▶ TASK BRIEF:
Take the lines from the one with "A graphic representation of the ebola virus" to the end of the listing, both ends included, and quote them exactly, leaving pictures out.

▶ MATERIAL PROVIDED:
* * * * * * *

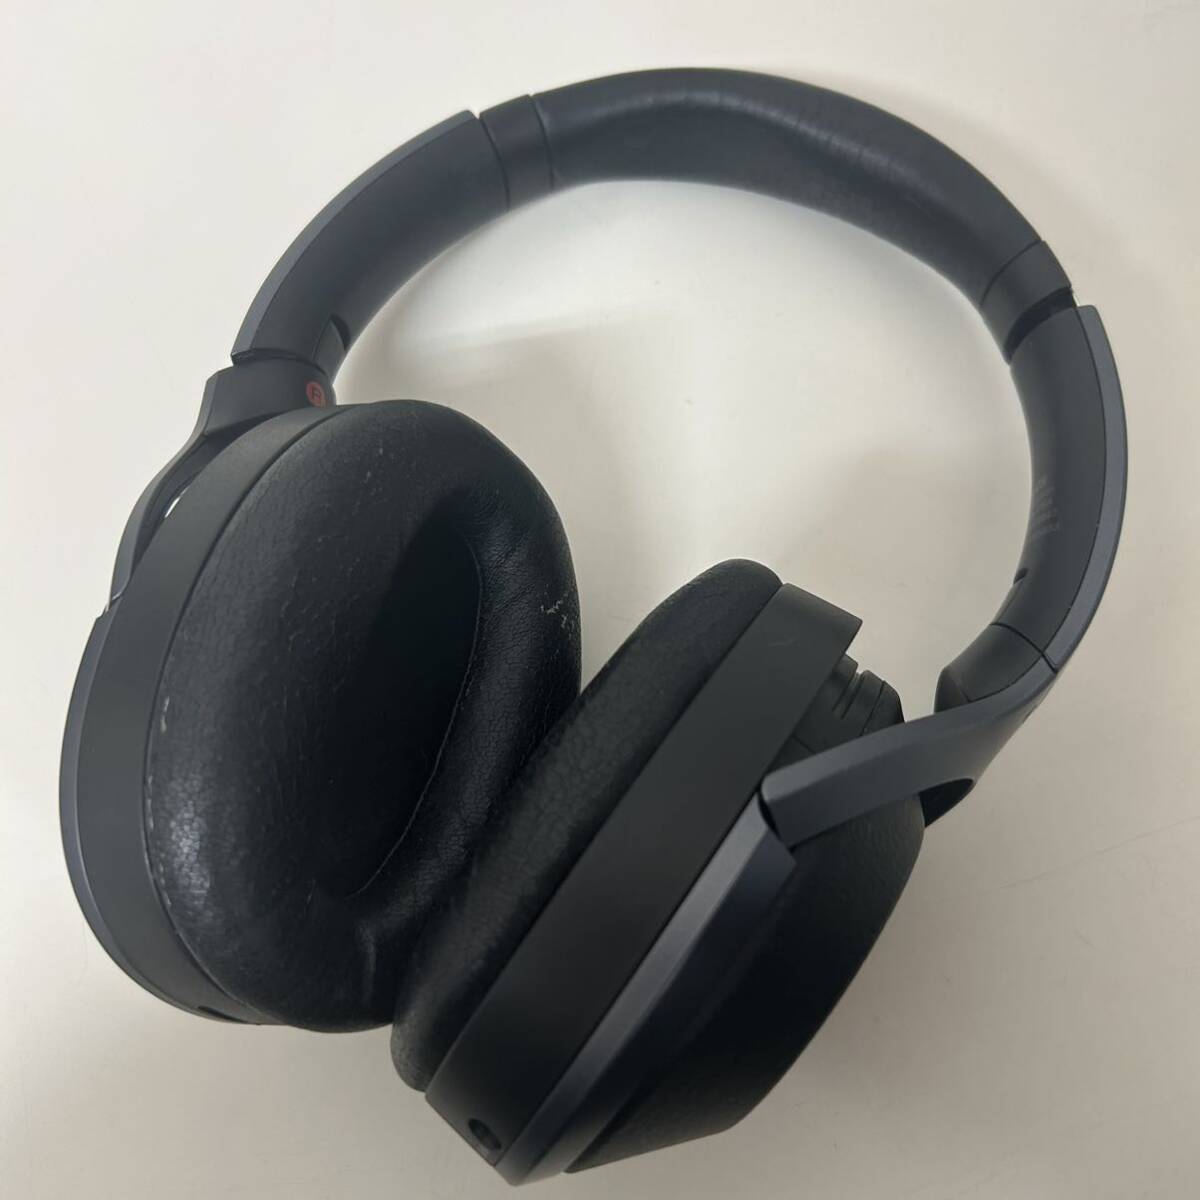 [1 jpy start ]SONY Sony WH-1000XM2 wireless noise cancel ring headphone black 
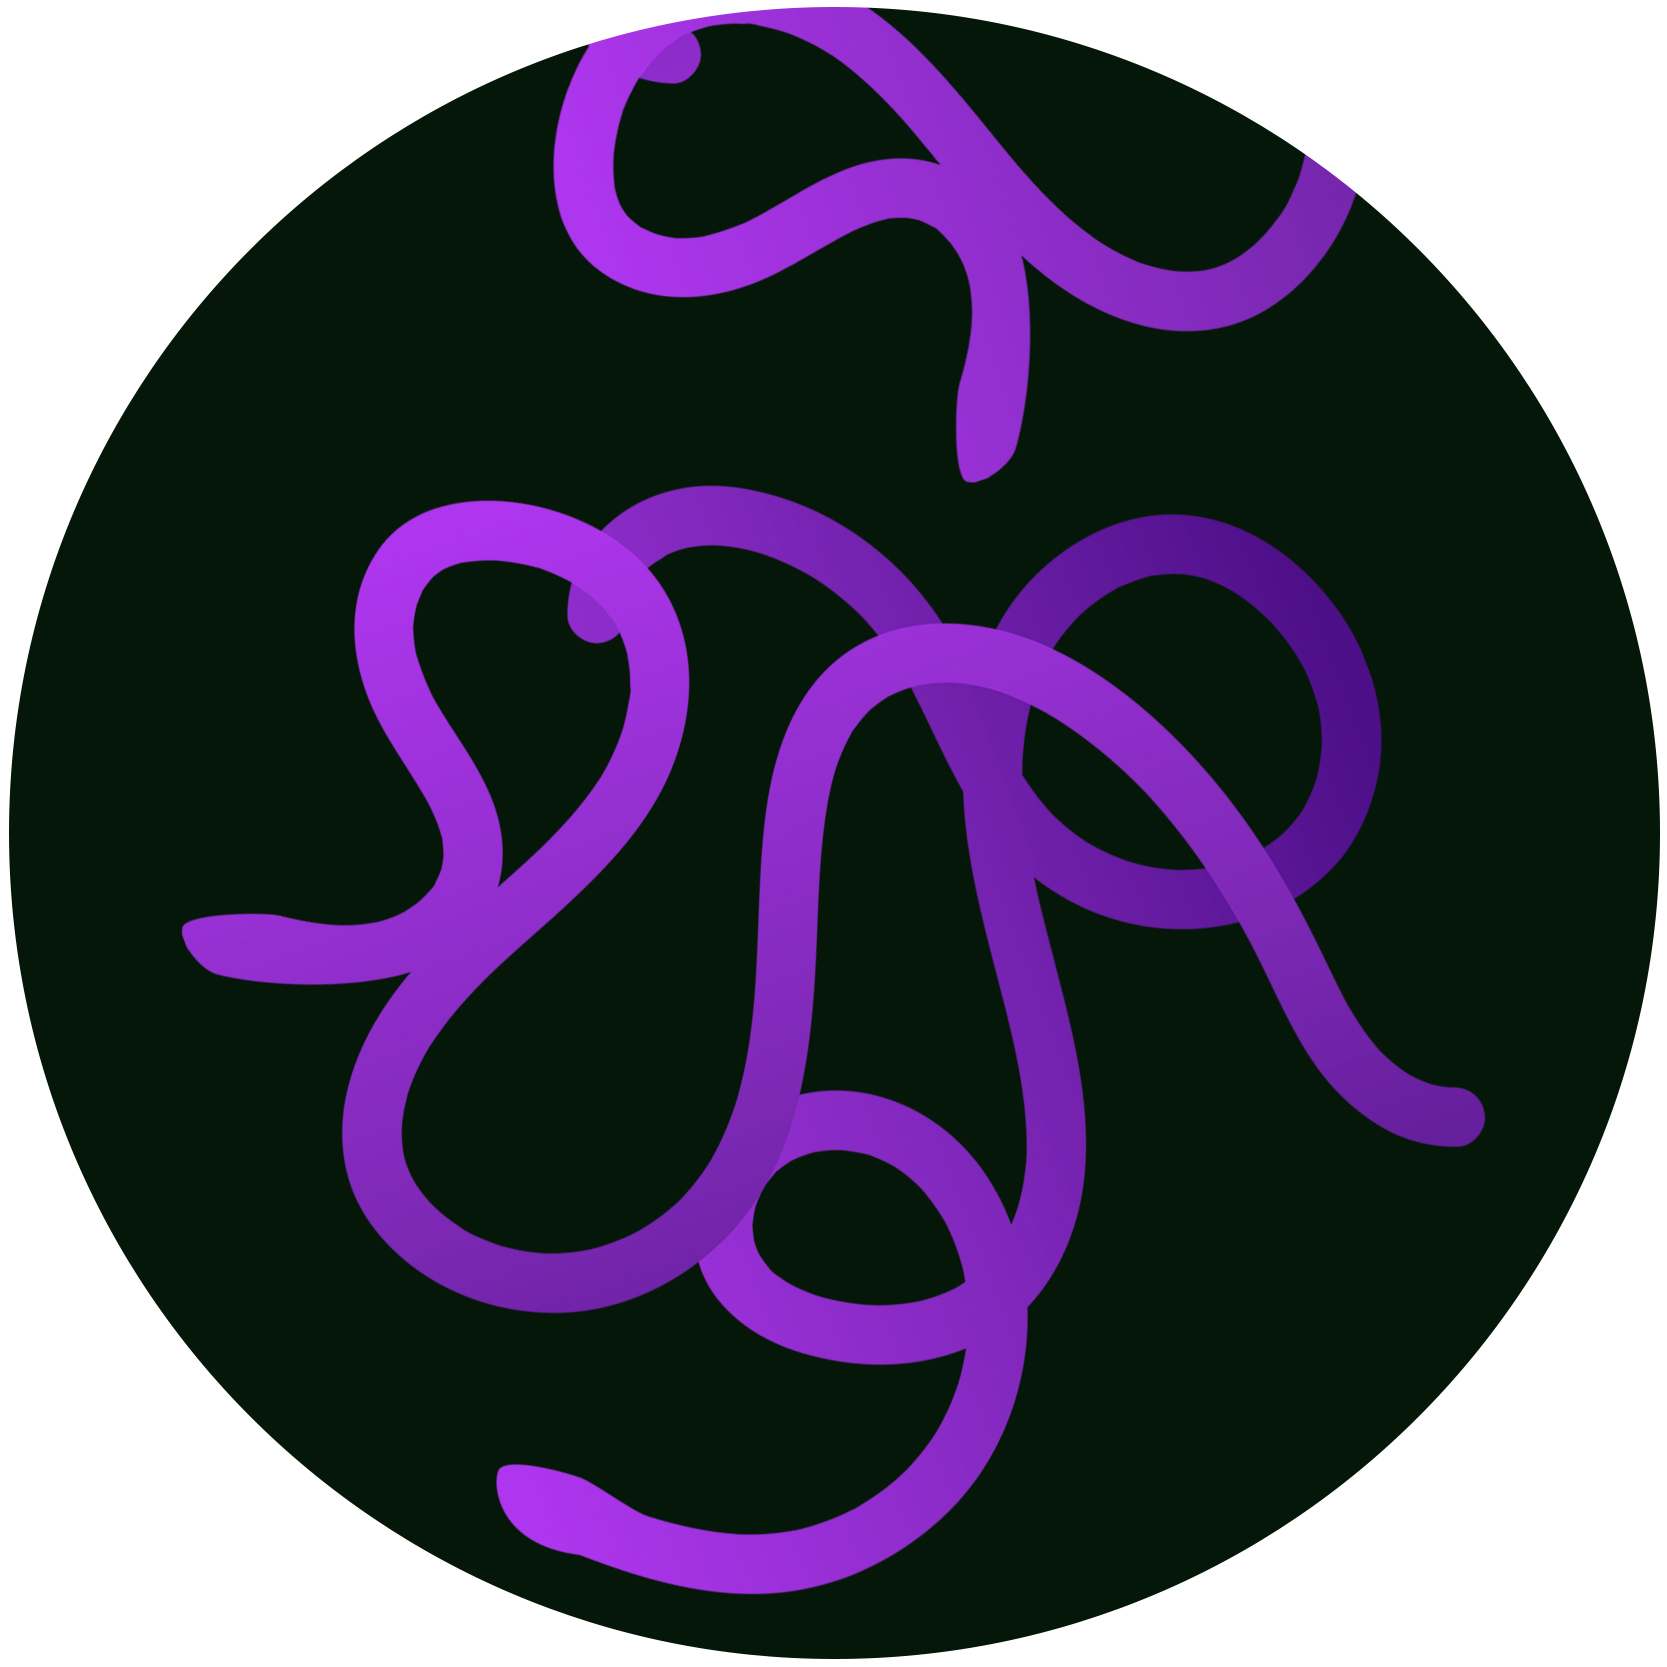 A graphic representation of the ebola virus
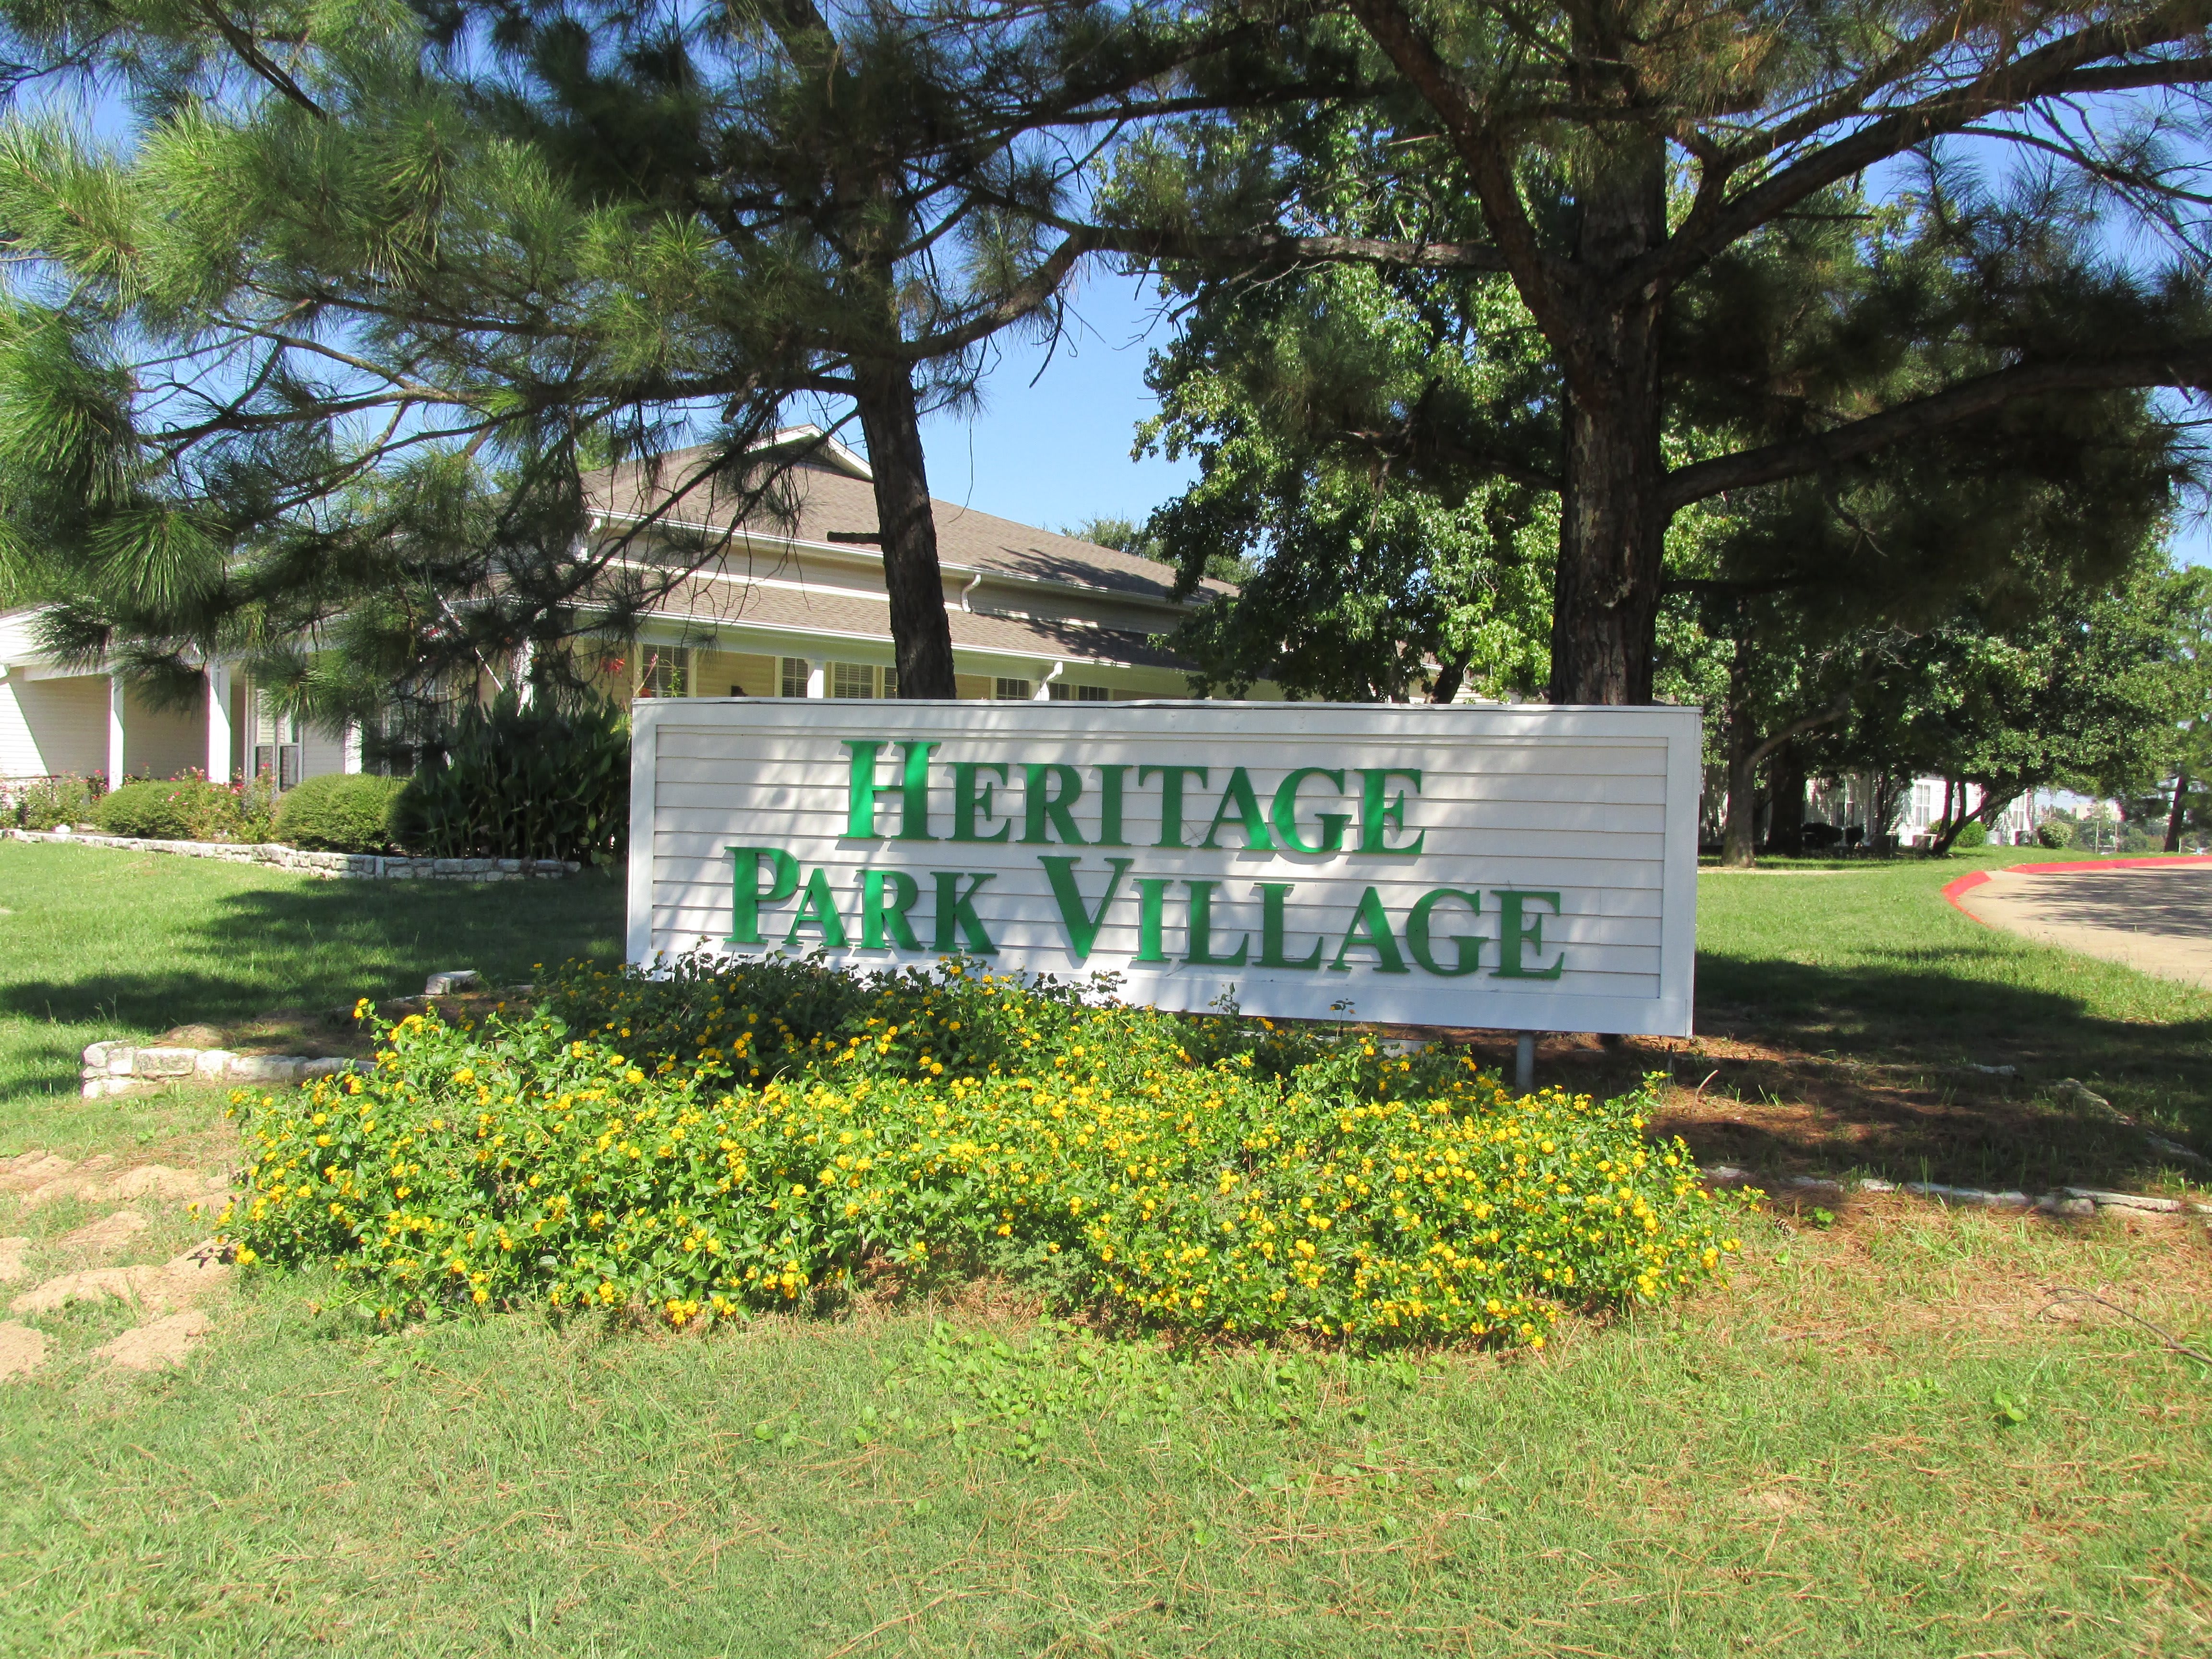 Heritage Park Village community exterior

* * * * * * *

▶ EXPECTED ANSWER:
 A graphic representation of the ebola virus
 Heritage Park Village community exterior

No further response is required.